***
"Лучшая лаборатория" оказалась моргом – холодным, вонючим. Свободным лишь на выходные. За два дня им надо было управиться полностью. И оборудования никакого не было. Шили даже не кетгутом – обычным хирургическим шелком. Оставалось только надеяться, что Кикимора сумеет справиться с новым телом, что новый организм его, управляемый душою лесного демона, сумеет адаптировать десятки метров шовного материала и не развалиться при этом на кусочки.

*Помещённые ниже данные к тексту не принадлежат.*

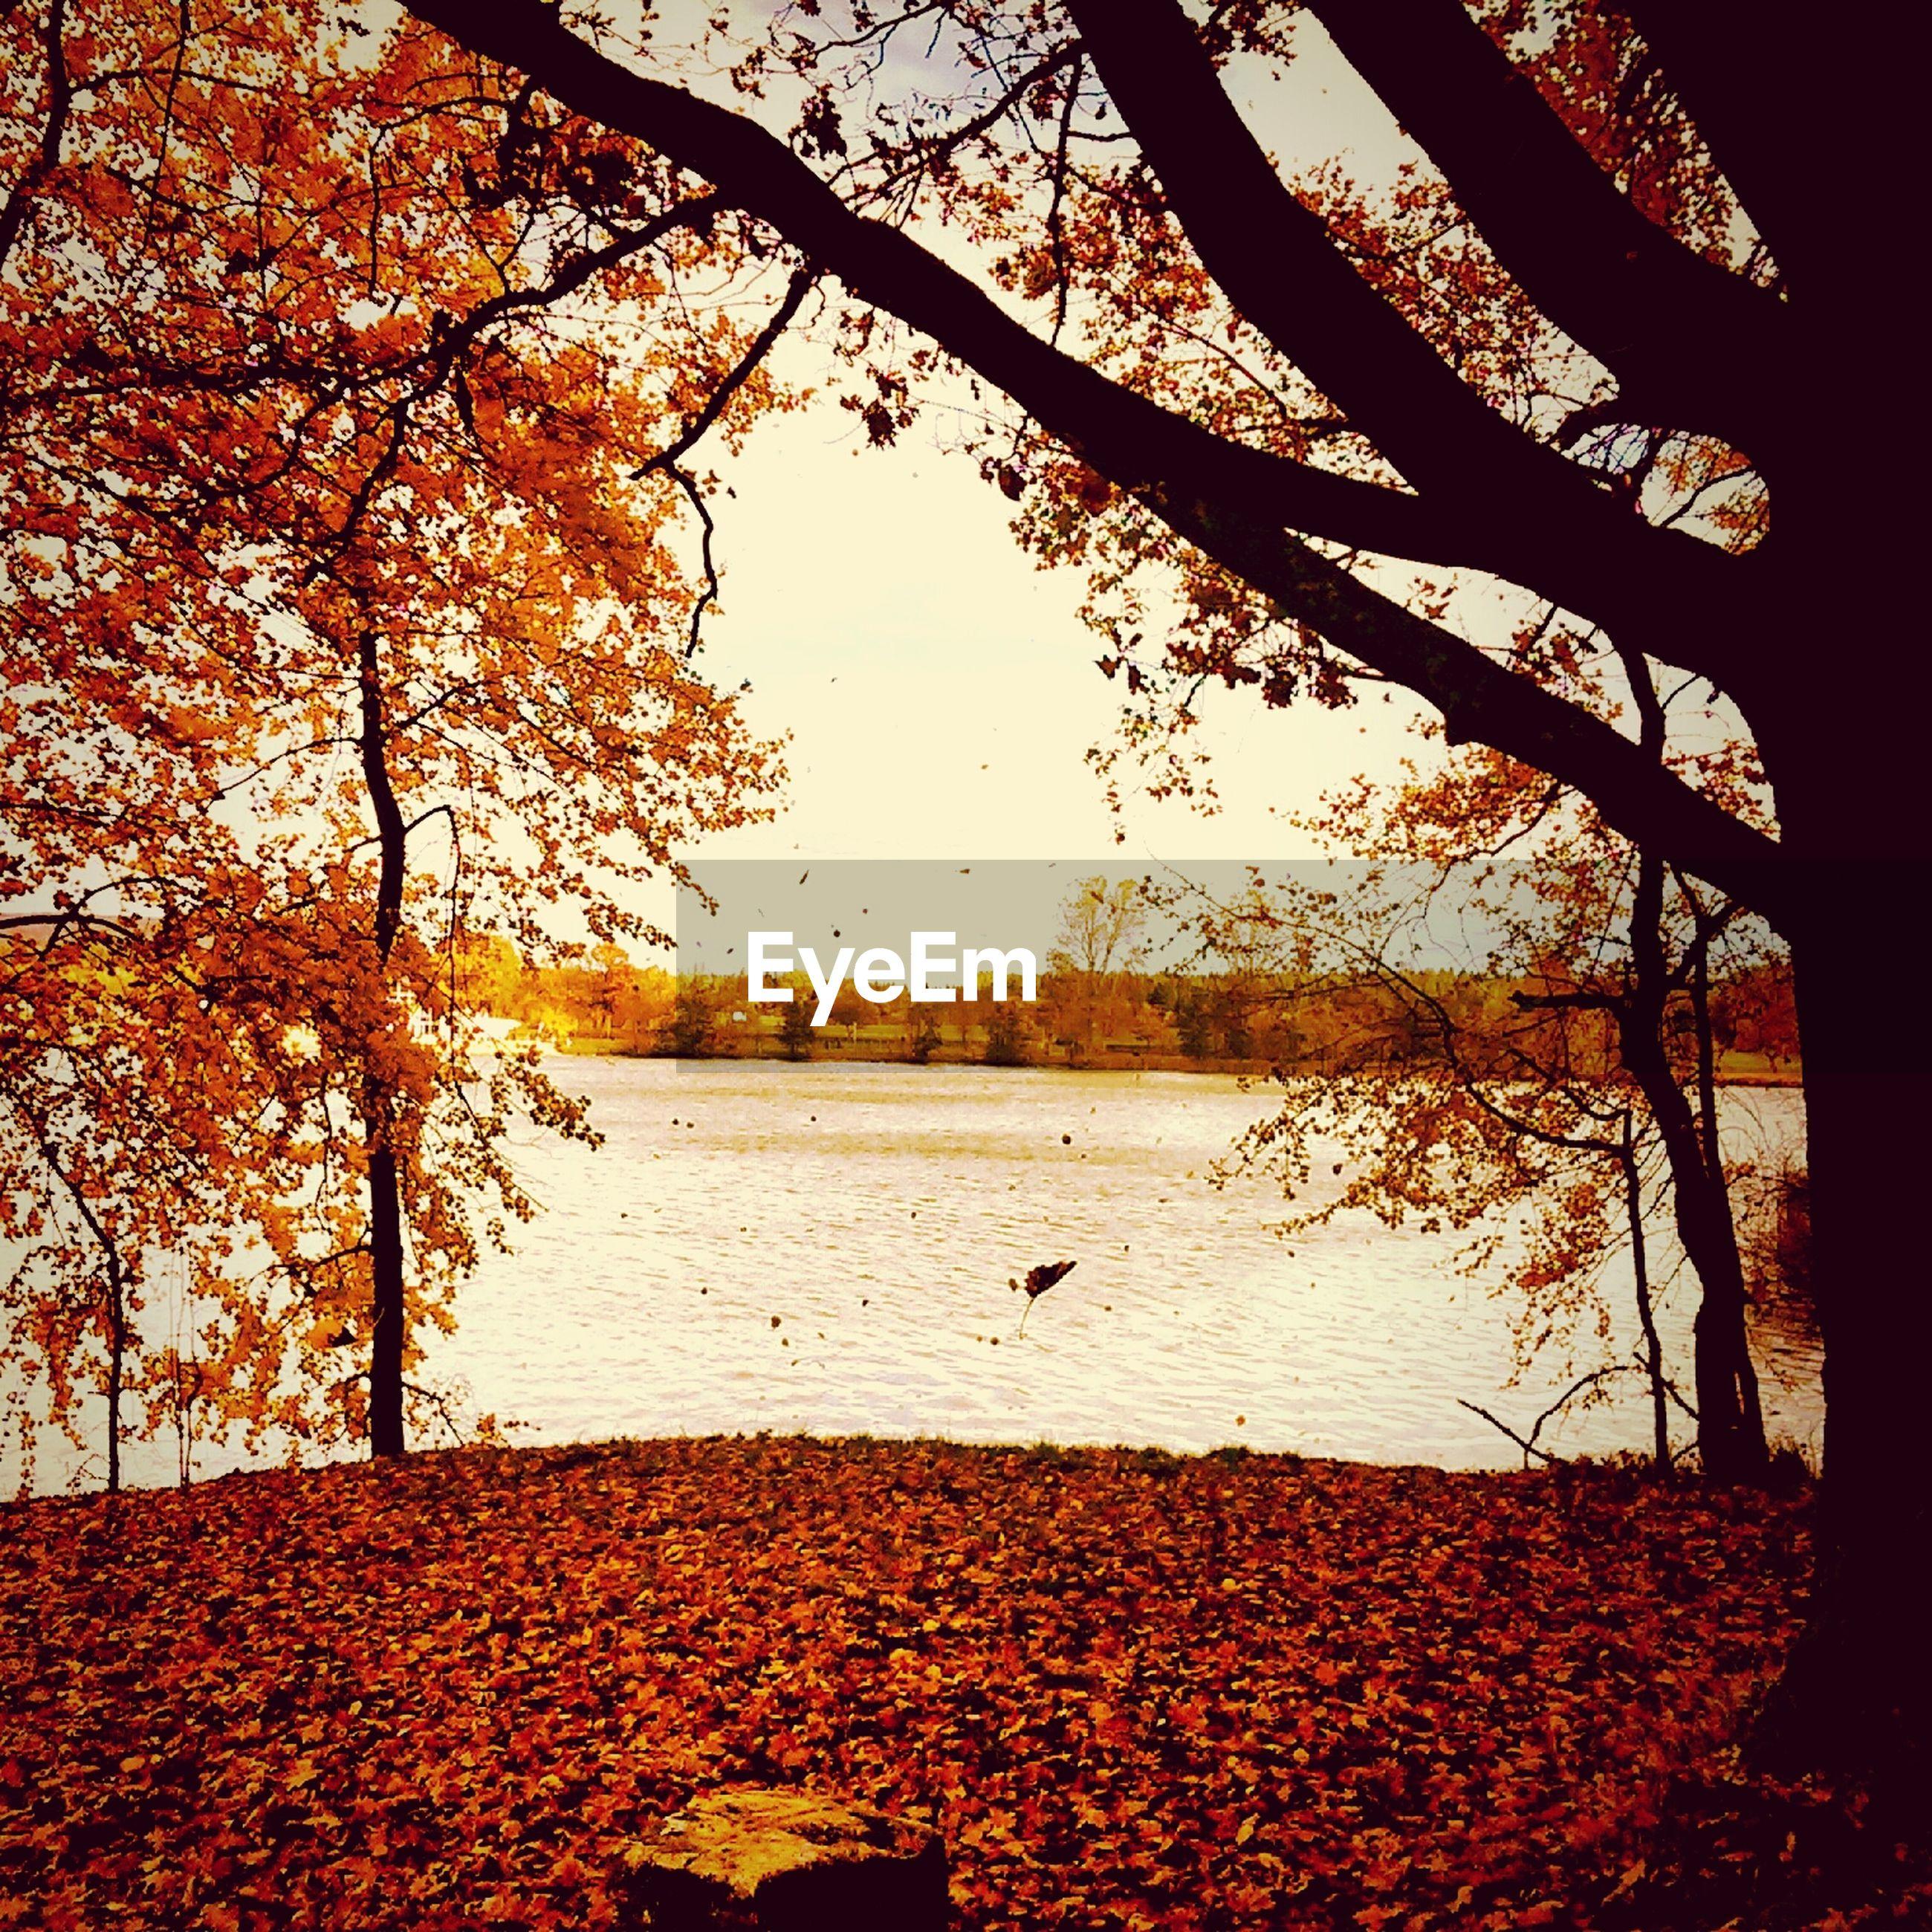 Pond in park in autumn

Кусочков было много. Образ будущего существа нарисовали предварительно на бумаге, споря при этом до хрипоты. Кикимора вел себя безобразно: торговался, как баба на базаре, выклянчивая себе рога, и хобот, и ядовитое жало, и жабры, и непробиваемую алмазную чешую. Дема называл его кретином, орал, что для такого безмозглого идиота, как Кикимора, самое подходящее тело – чучело шакала без головы. Но в конечном счете стали работать с тем, что удалось достать. Наводку дал Демид. В университете, на биофаке, имелось немало не до конца препарированных запчастей разных животных, замоченных в ваннах с формалином. Антонов съездил и конфисковал нужное их количество именем какого-то таинственного закона. И теперь в морге дышать нечем было от формалинового, разъедающего все и вся запаха.
– Слышь, Дем, а они работать-то будут? – Кикимора ткнул пальцем в неопределенной формы части чьего-то нечеловеческого тела, отмокавшие в большом тазу.

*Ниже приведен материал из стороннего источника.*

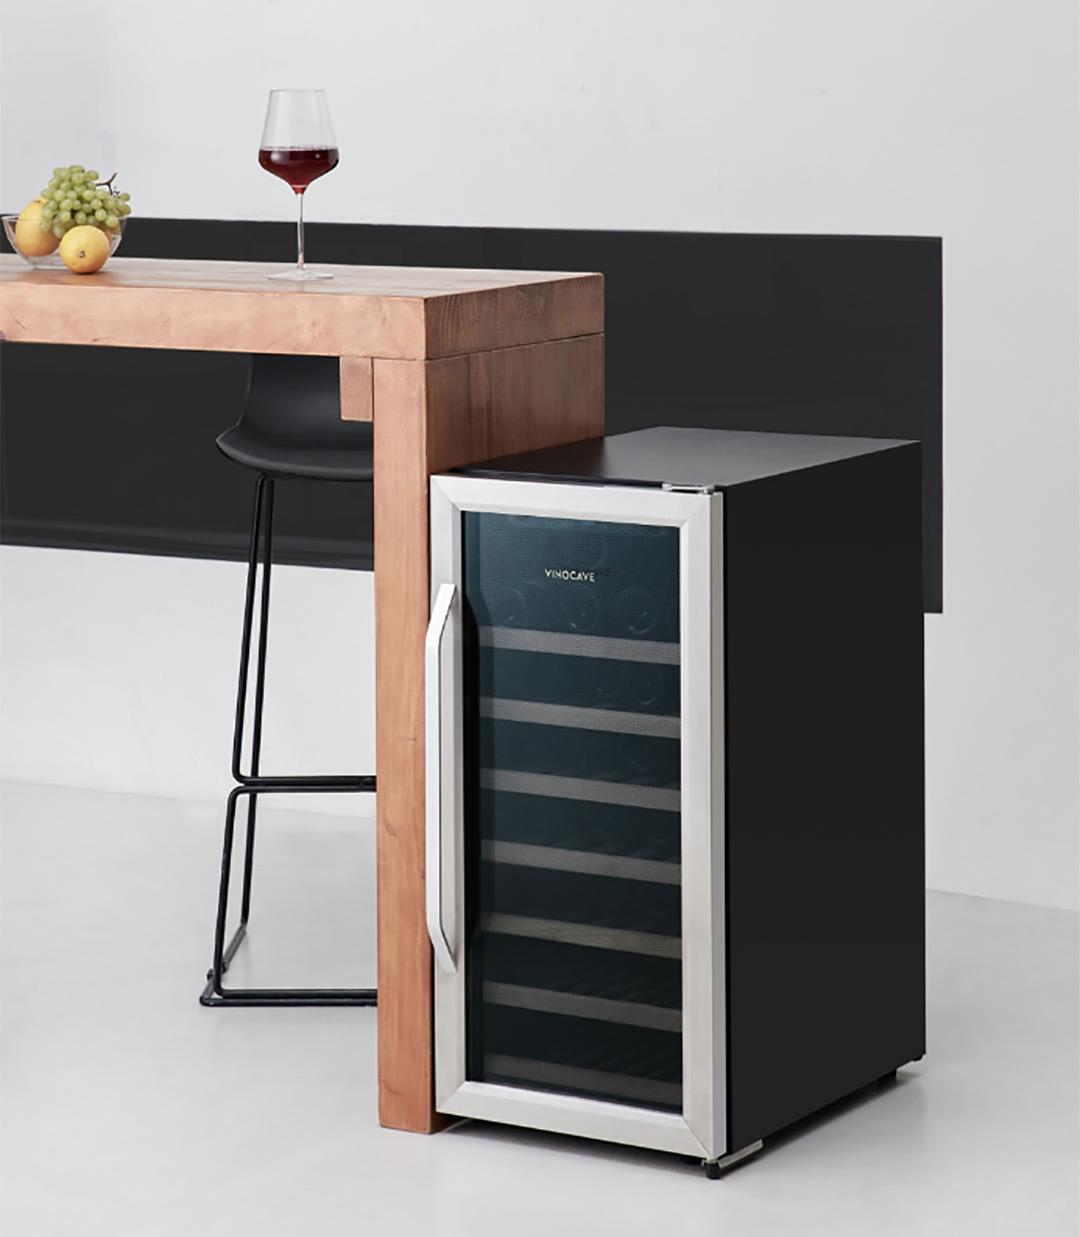 Xiaomi Vinocave Constant Temperature Wine Cooler

– Должны, – прогундосил Демид через респиратор. – Отмочим хорошенько. Формалин будет вытеснен водой. Это самые свежие органы, какие только удалось достать. Не красть же нам живого медведя из зоопарка?
– А че? – Кикимора оживился. – Может, украдем?
– Иди, кради, я не против. В дело пойдет. Только обязательно живого сюда приведи. Объясни мишке косолапому, что для хорошего дела он надобен. И быстренько. Часа через три уже все готово будет.
– Что? Уже через три часа? И одному мне идти?
– А как же? Ты у нас один тут без дела болтаешься.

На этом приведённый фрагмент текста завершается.